DATASET –

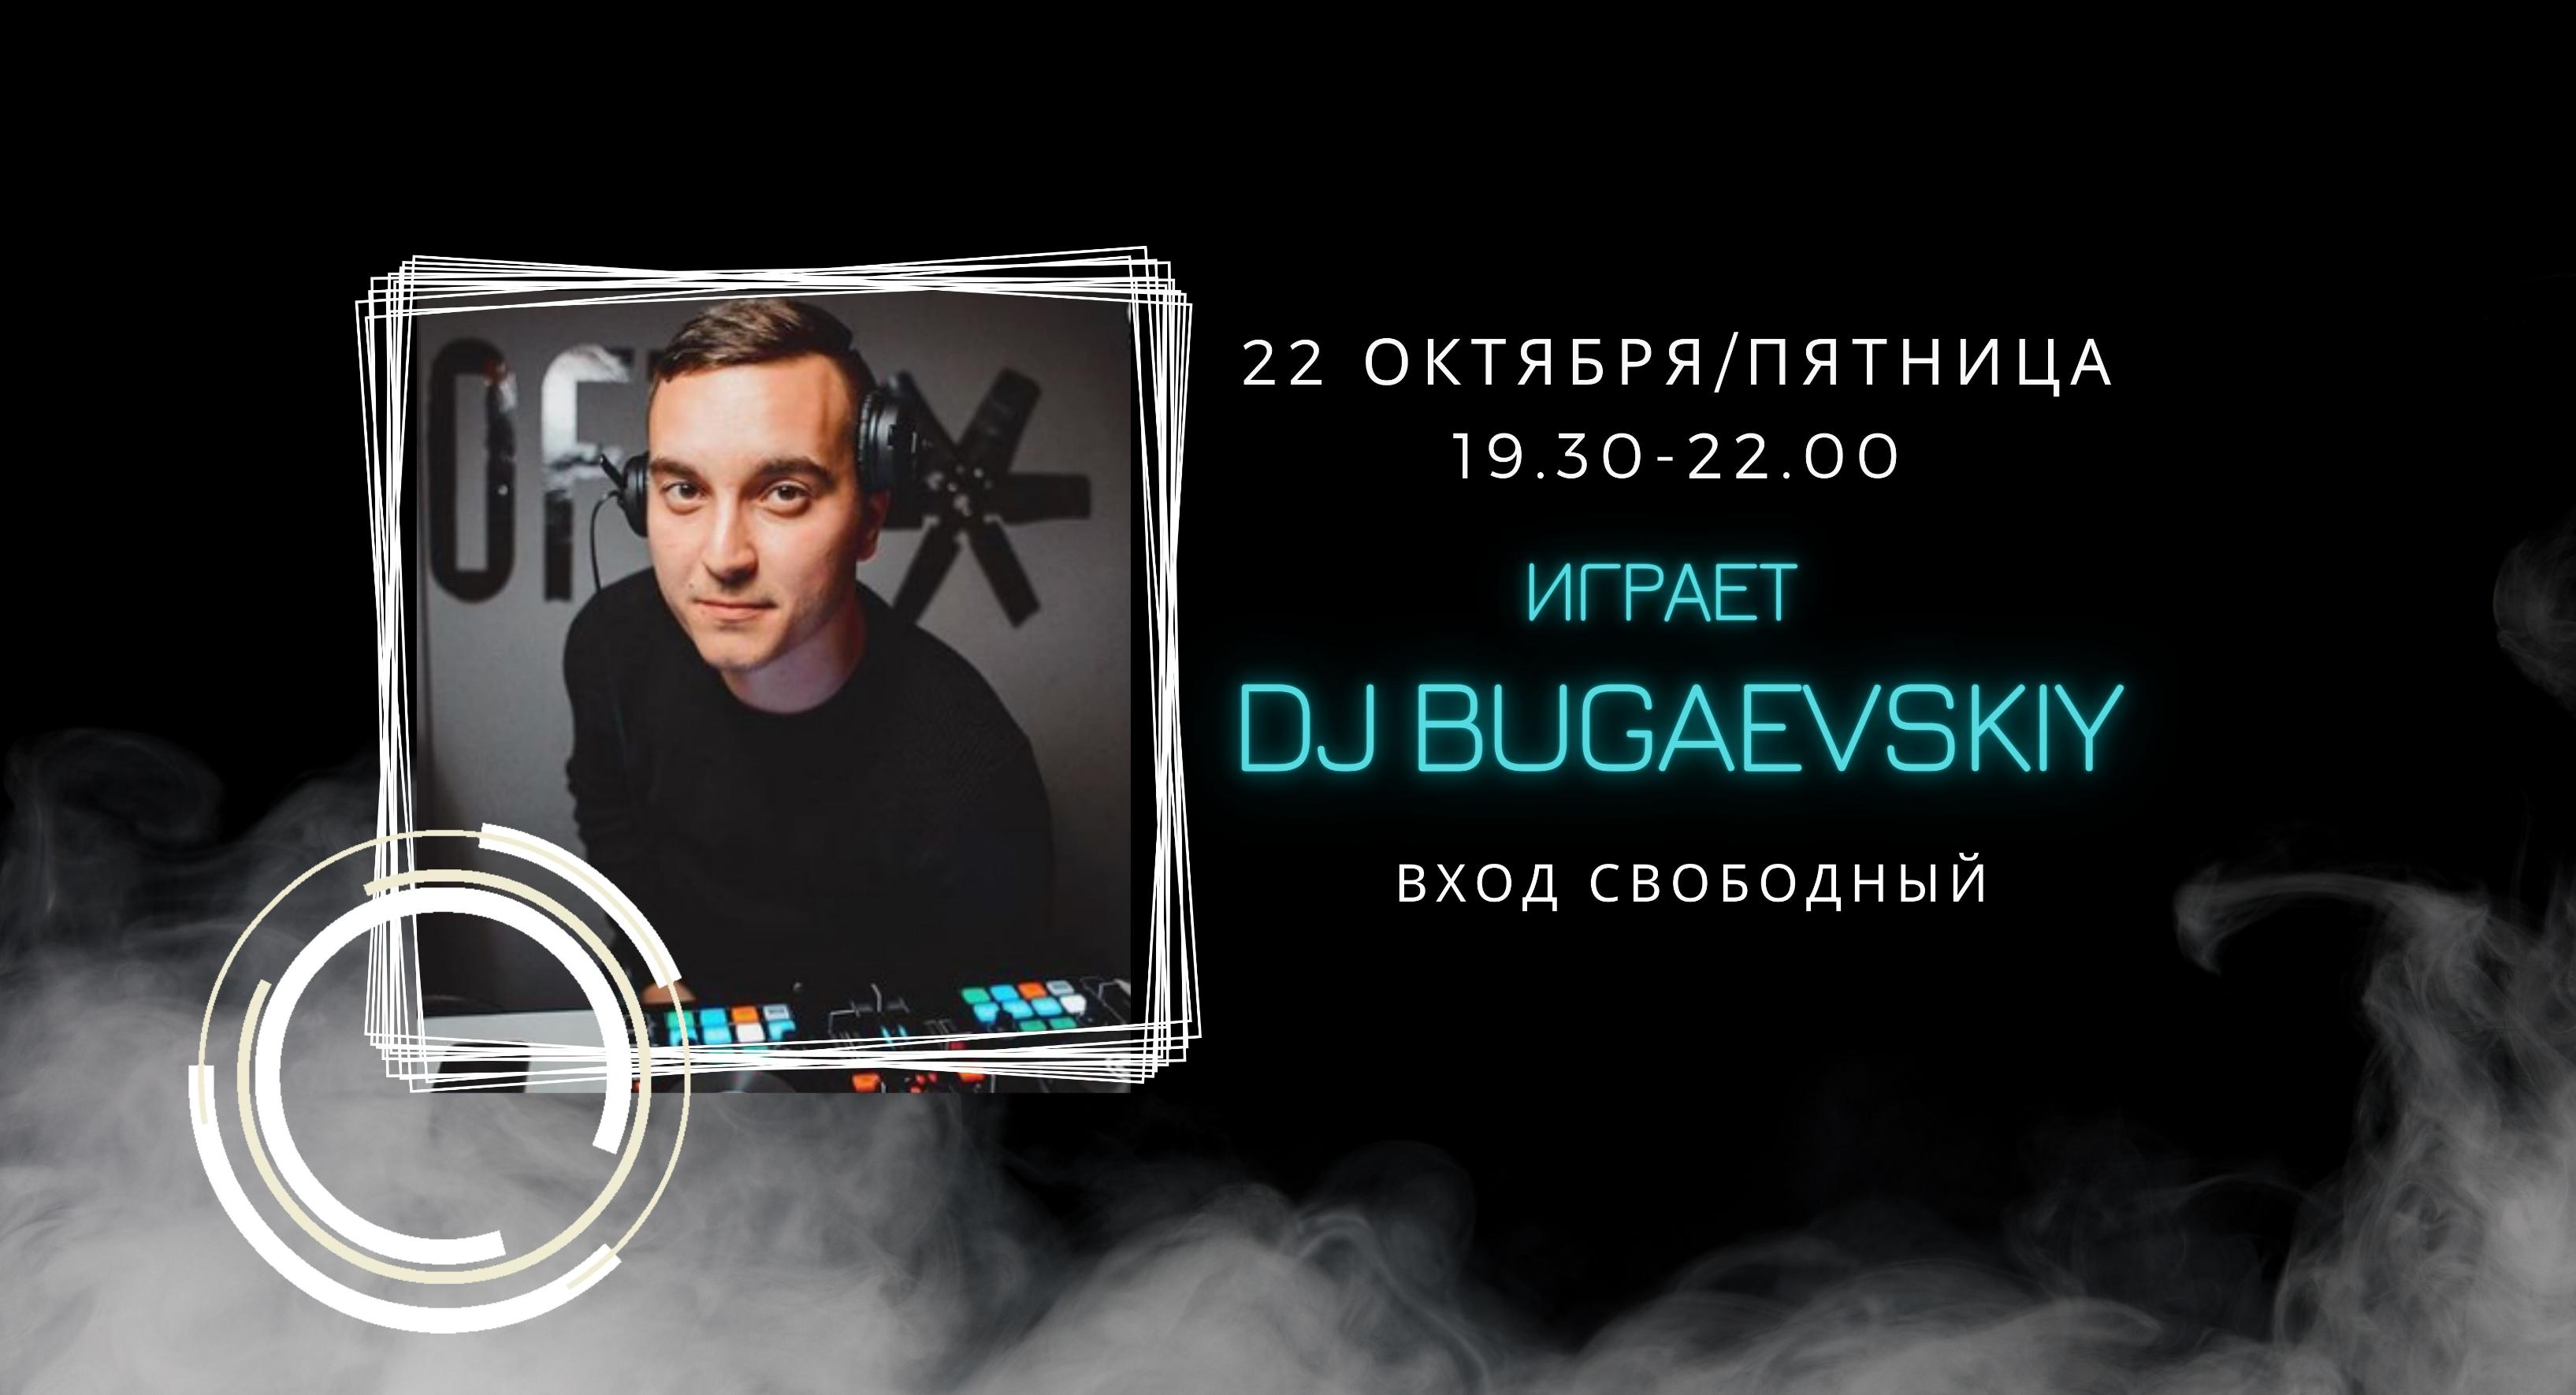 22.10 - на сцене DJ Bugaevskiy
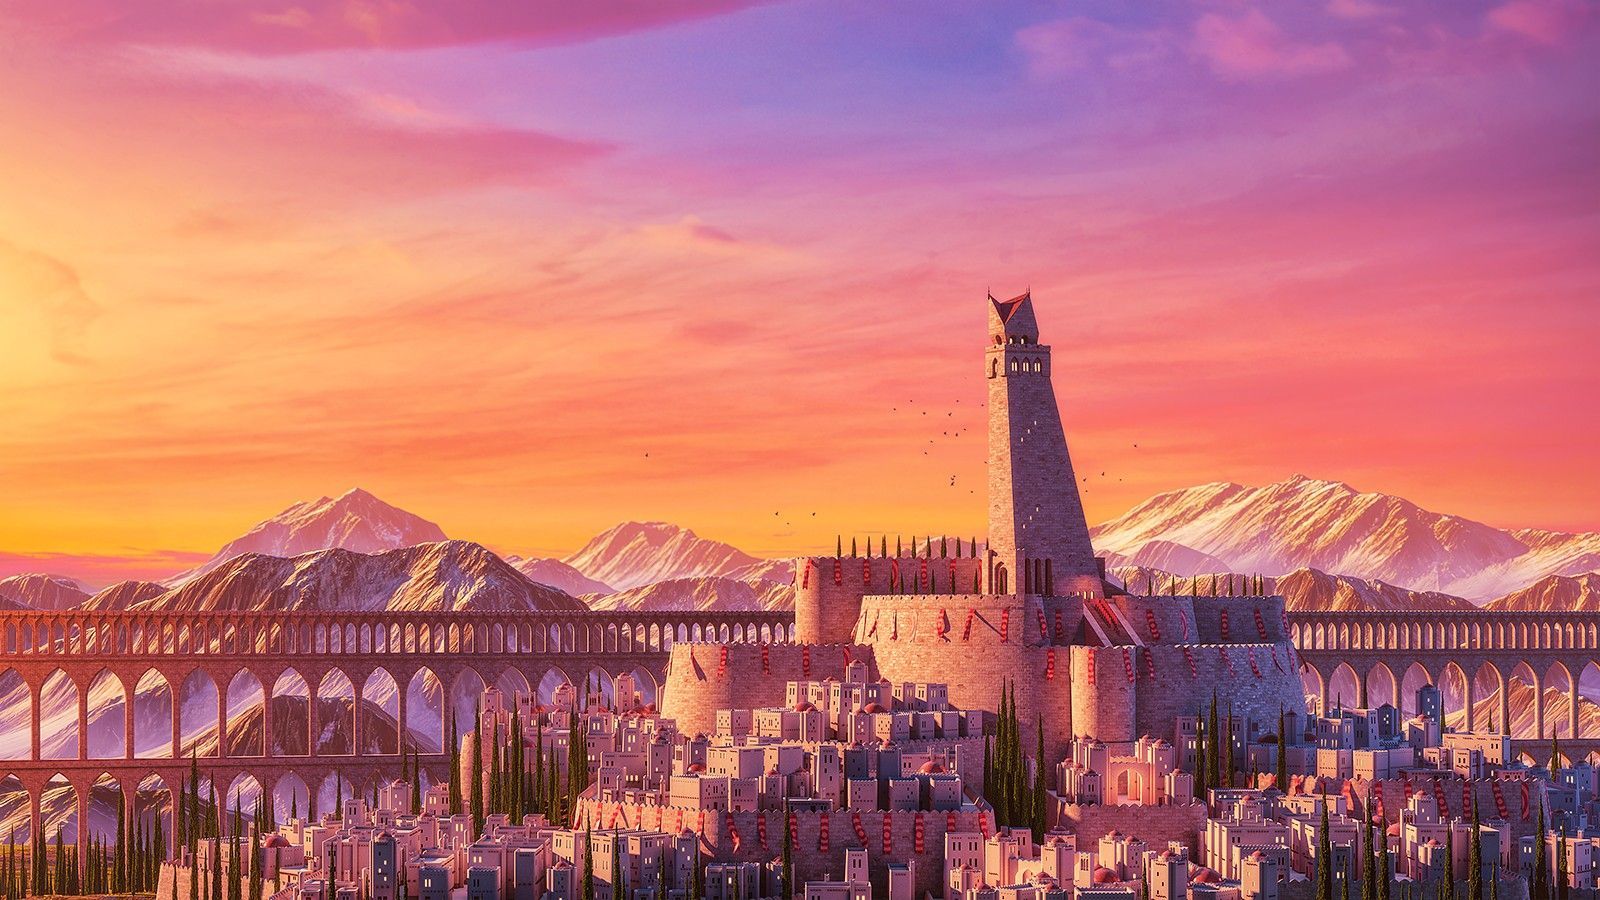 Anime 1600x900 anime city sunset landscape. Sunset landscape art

---

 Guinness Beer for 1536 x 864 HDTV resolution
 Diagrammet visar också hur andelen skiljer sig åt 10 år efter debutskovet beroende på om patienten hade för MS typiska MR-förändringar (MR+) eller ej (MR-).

TASK TO CARRY OUT – Your answer should be the lines above, word for word, from the line with "22.10 - на сцене DJ Bugaevskiy" through the line with "Anime 1600x900 anime", minus the pictures.

PROBLEM SOLUTION –
 22.10 - на сцене DJ Bugaevskiy
 Anime 1600x900 anime city sunset landscape. Sunset landscape art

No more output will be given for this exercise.